Saturday, December 14, 2019

A Tale of Three Bulgasari

So I spent a bit of time refreshing myself on Korean mythical creatures. Most are pretty much the same as Chinese/Japanese ones, just with different names.

One that came up today (I went looking for it, actually, and learned something new) is the Bulgasari (also spelled Pulgasari depending on your Romanization system).

Now, in modern Korean, bulgasari 불가사리 means starfish. Just the aquatic animal.

But there was also a North Korean giant monster movie commissioned by Kim Jong-il in 1985 called Pulgasari (same spelling in Hangeul as the starfish).
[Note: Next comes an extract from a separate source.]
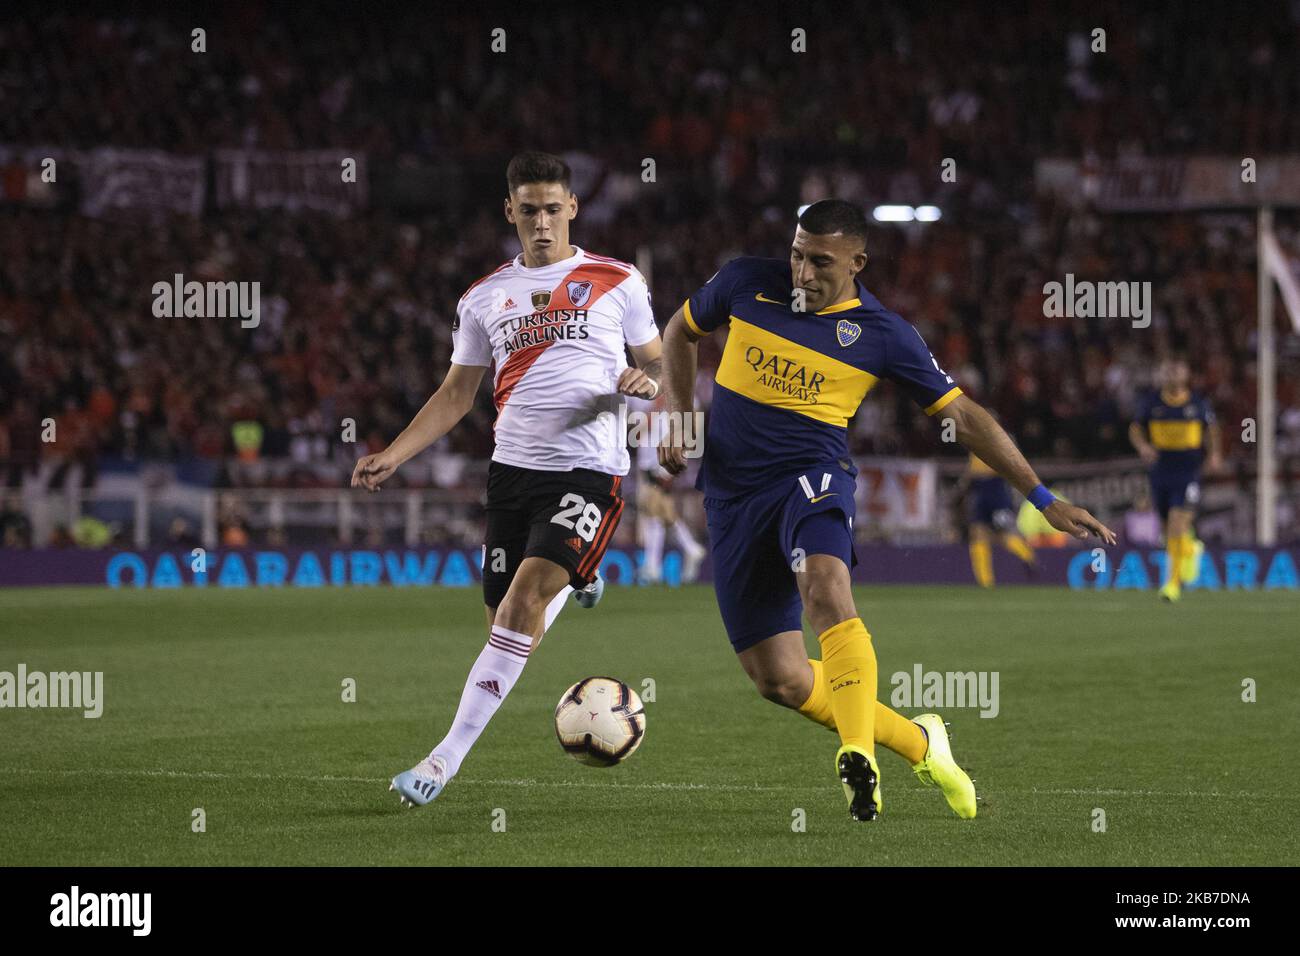 Wanchope Avila of Boca Juniors in action during the first leg match between River Plate and Boca Juniors as part of the semi-final of Copa CONMEBOL Libertadores 2019 at the Estadio Monumental Antonio Vespucio Liberti on October 1, 2019 in Buenos Aires, Argentina. (Photo by Matias Baglietto/NurPhoto) Stock Photo

I was thinking I'd read up on the NorKo kaiju to include it in my game.

But then I discovered there is a mythical creature called the bulgasari 불가살이. Same pronunciation, but different spelling (and different Chinese characters if you look them up). This one means undying beast.

I found this wonderful little blog that stopped updating after only a few months. It tells of the mythical creature. It looks like the baku or shirokinukatsukami -- a bear's body covered in scales, an elephant-like head, a cow's tail, and tiger paws. It was immortal and ate metal.

Well, immortal is no fun for D&D, but eating metal? Guess how I'm reskinning the rust monster for TSR-East!